Projeto de Lei n.º 263/XVII/1.ª
Assegura mais tempo de descanso e lazer por via da redução do limite máximo do
período normal de trabalho e da consagração do direito a 25 dias úteis de férias nos
setores público e privado
Exposição de Motivos
Os rendimentos resultantes do trabalho correspondem à forma típica de subsistência da
população portuguesa. As condições laborais têm vindo a degradar -se ao longo dos
anos, associadas a uma elevada precariedade laboral e a longas jornadas de trabalho.
Tal tem consequências gravosas para a vida das pessoas, porquanto se verifica que, na
prática, se dedica a maior parte do dia à vida profissional, em detrimento da vida pessoal
e familiar.
De acordo com um Relatório da Organização de Cooperação e Desenvolvimento
Económico (OCDE) publicado em 7 de julho 2016, tendo como base o Inquérito Europeu
às Forças do Trabalho, Portugal ocupa a décima posição, numa lista composta por 38
países, com a maior carga horária laboral. Os trabalhadores portugueses trabalham
1.868 horas por ano, mais 102 horas do que a média dos países da OCDE.
Em Portugal, o período normal de trabalho é bastante longo, existindo diferença entre
o regime aplicável ao setor público e ao setor privado, motivada pela aplicação num caso
da Lei Geral do Trabalho em Funções Públicas e noutro do Código do Trabalho.
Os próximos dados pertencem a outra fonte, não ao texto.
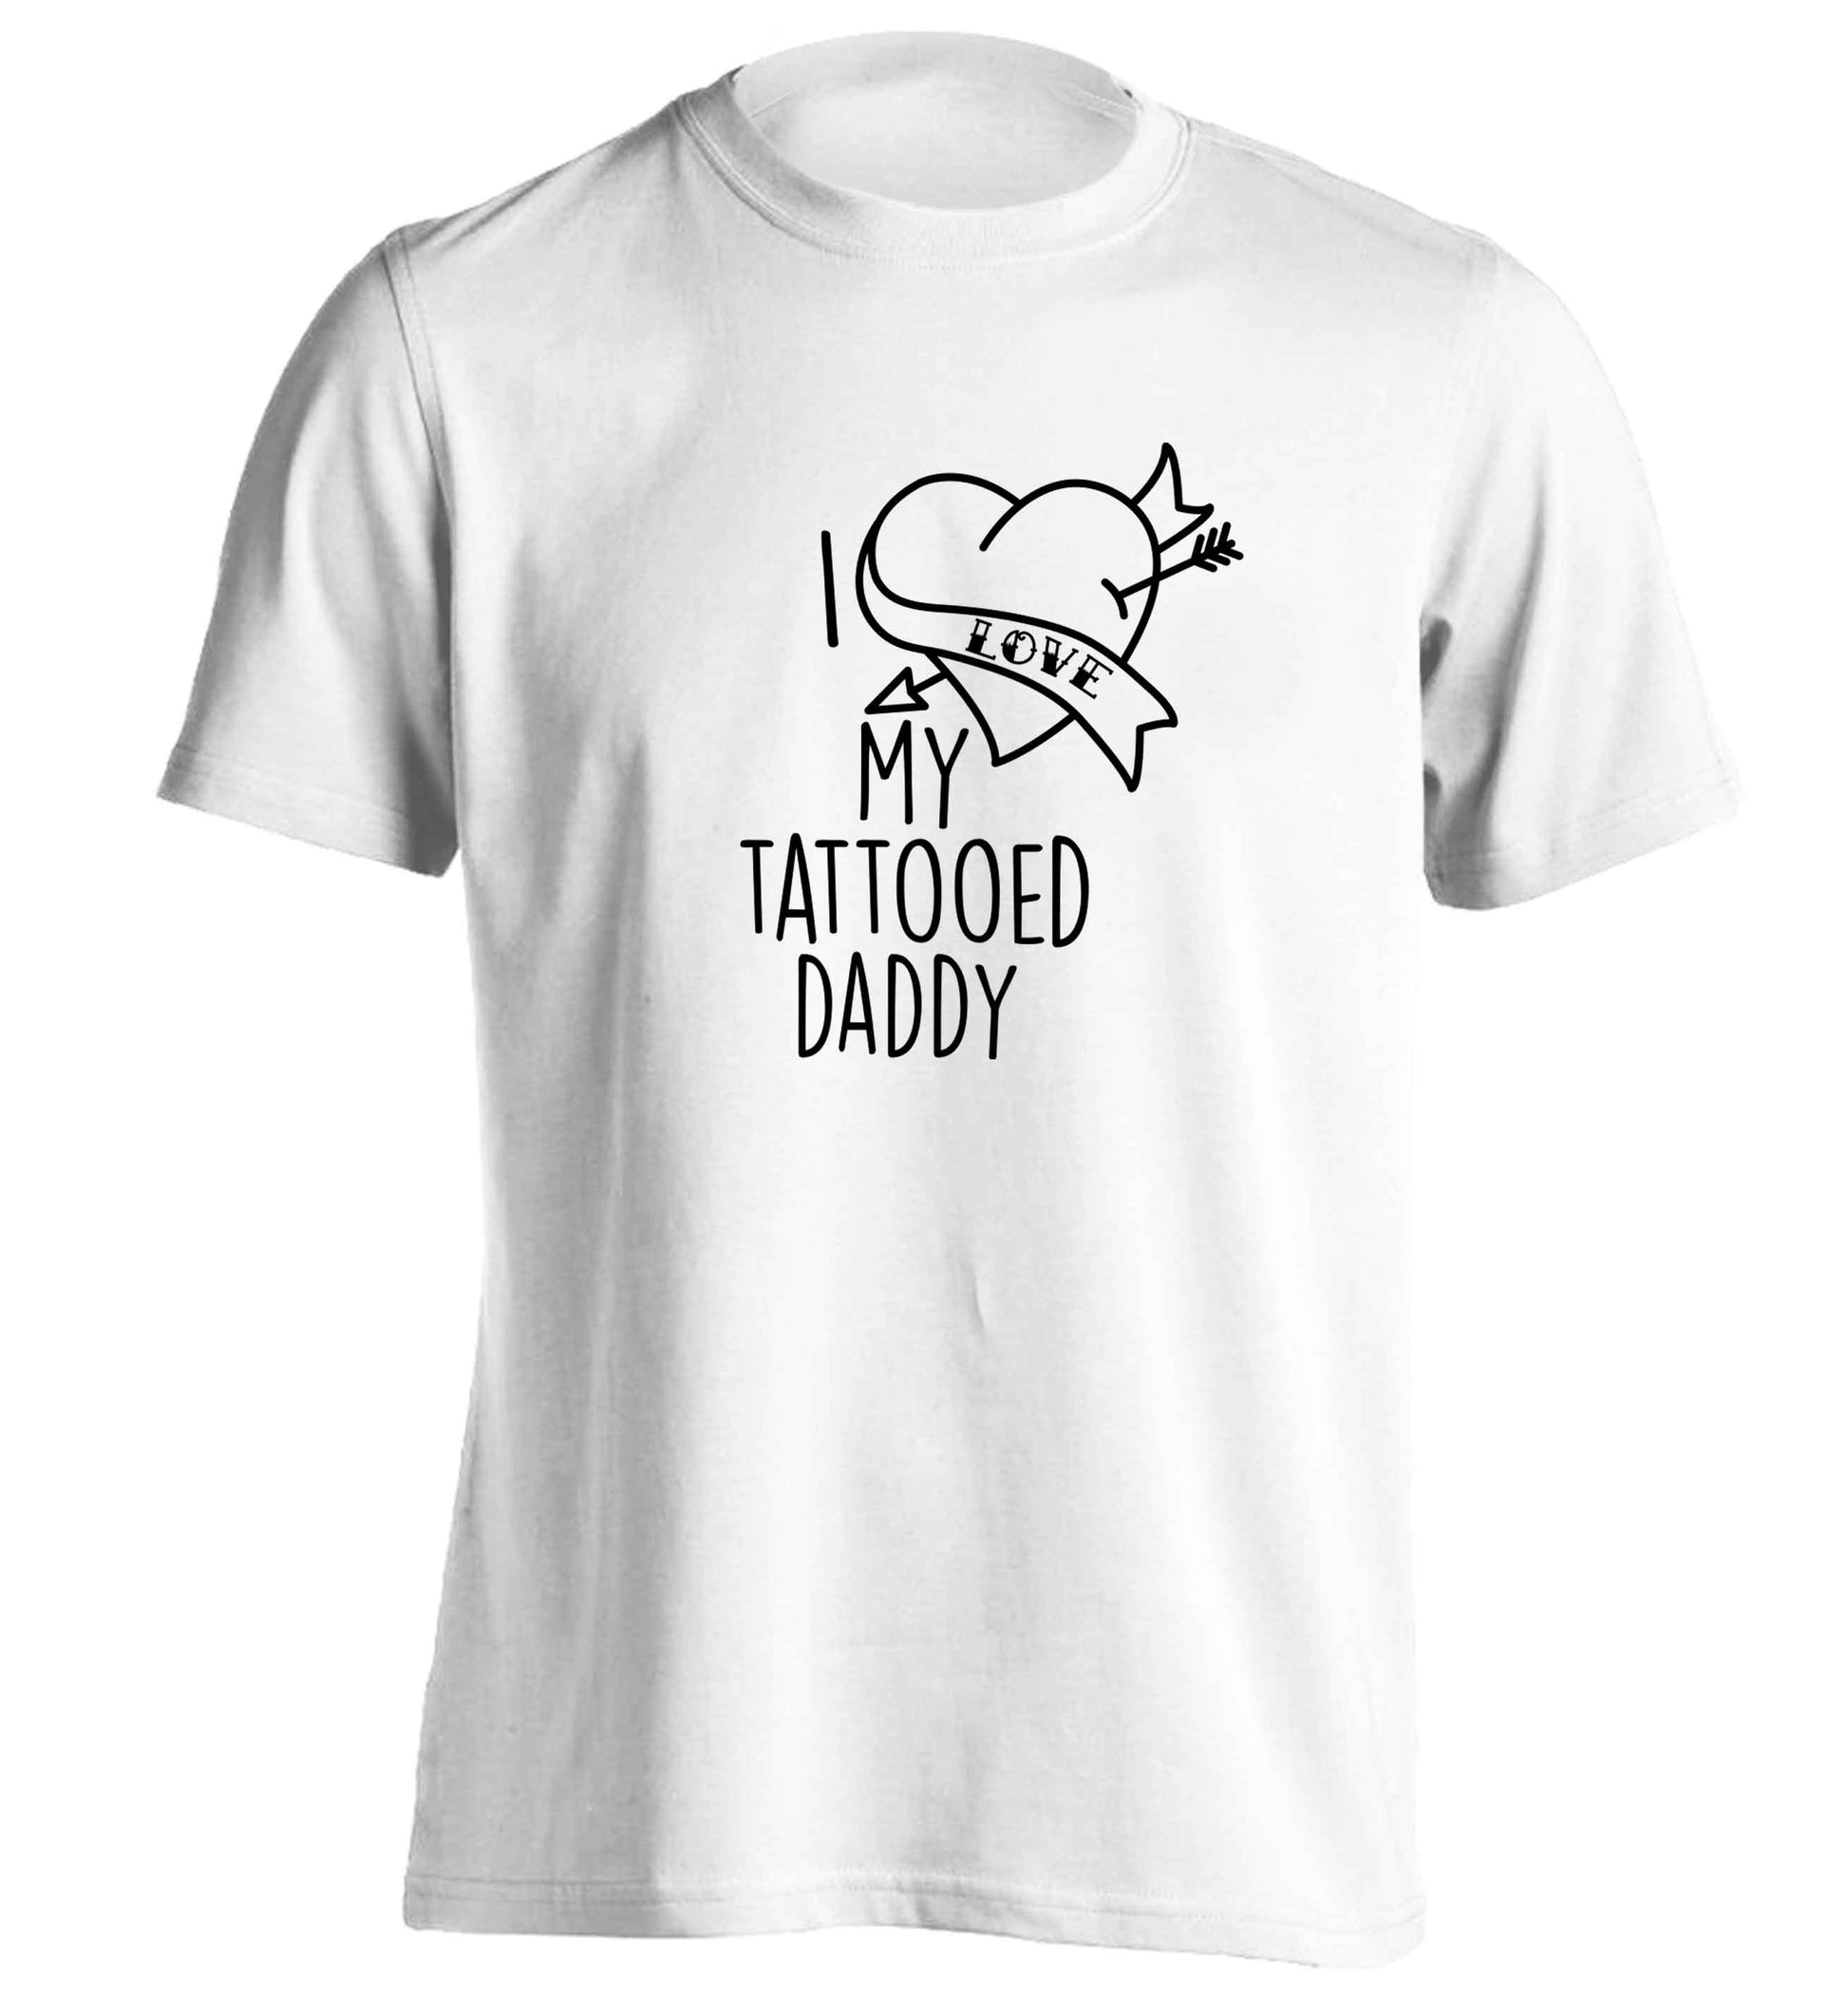 I love my tattooed daddy adults unisex white Tshirt 2XL
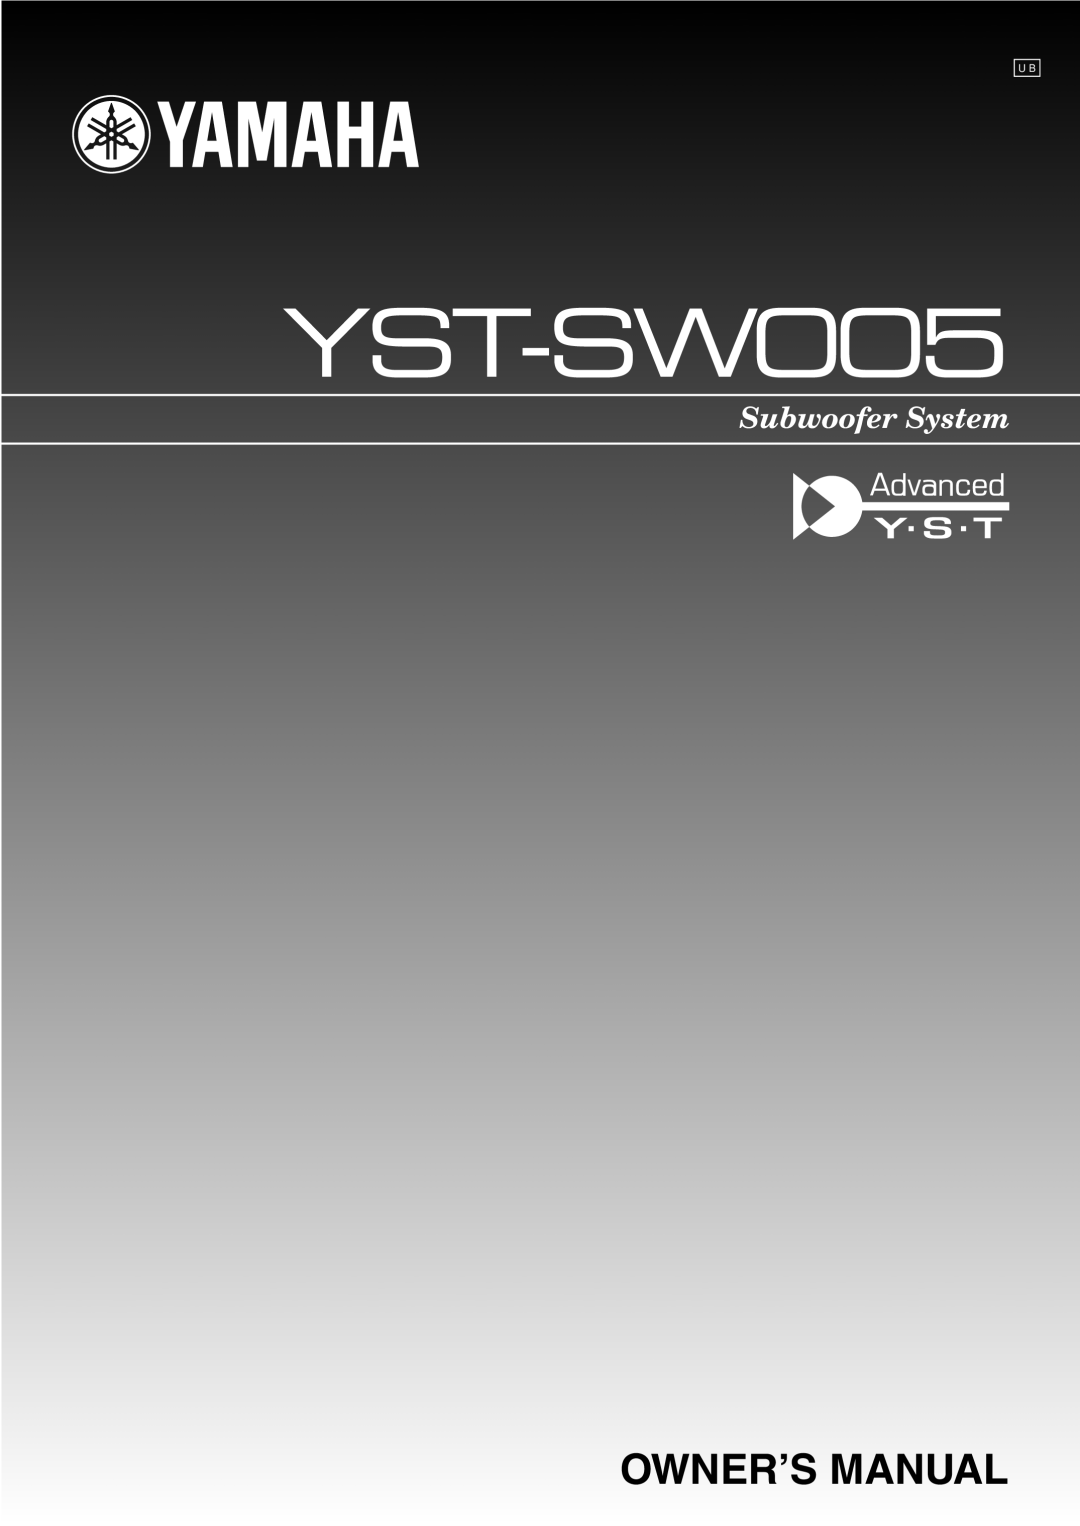 Yamaha YST-SW005 owner manual Subwoofer System

Assim, por um lado, para os trabalhadores abrangidos pelo Código do Trabalho, o
período normal de trabalho não pode exceder oito horas por dia e quarenta horas por
semana, nos termos do artigo 203.º deste Código. Por outro lado, para os trabalhadores
abrangidos pela Lei Geral do Trabalho em Funções Públicas, por aplicação do artigo
105.º daquela Lei, o limite máximo do período normal de trabalho é de sete horas por
dia e trinta e cinco horas por semana.
Por via da Lei n.º 18/2016, de 20 de junho, assistimos à reposição das 35 horas na função
pública, o que representou uma medida da maior justiça. Todavia, não compreendemos
o que justifica a existência de regimes diferenciados entre o setor privado e o setor
público no que concerne ao período normal de trabalho. Não podemos assumir que ao
emprego no setor público está associado um maior desgaste do que o que existe no
setor privado que justifique que os primeiros trabalhem menos horas por dia e semana
que os segundos, dependendo o maior ou menor desgaste do tipo de serviço
efetivamente prestado e não da natureza pública ou privada da entidade na qual se
exerce funções.
Neste sentido, entendemos ser da maior justiça o estabelecimento de iguais limites
máximos do período normal de trabalho para os trabalhadores do setor privado e os
trabalhadores em funções públicas, equiparando desta forma o regime resultante do
Código do Trabalho e da Lei Geral do Trabalho em Funções Públicas.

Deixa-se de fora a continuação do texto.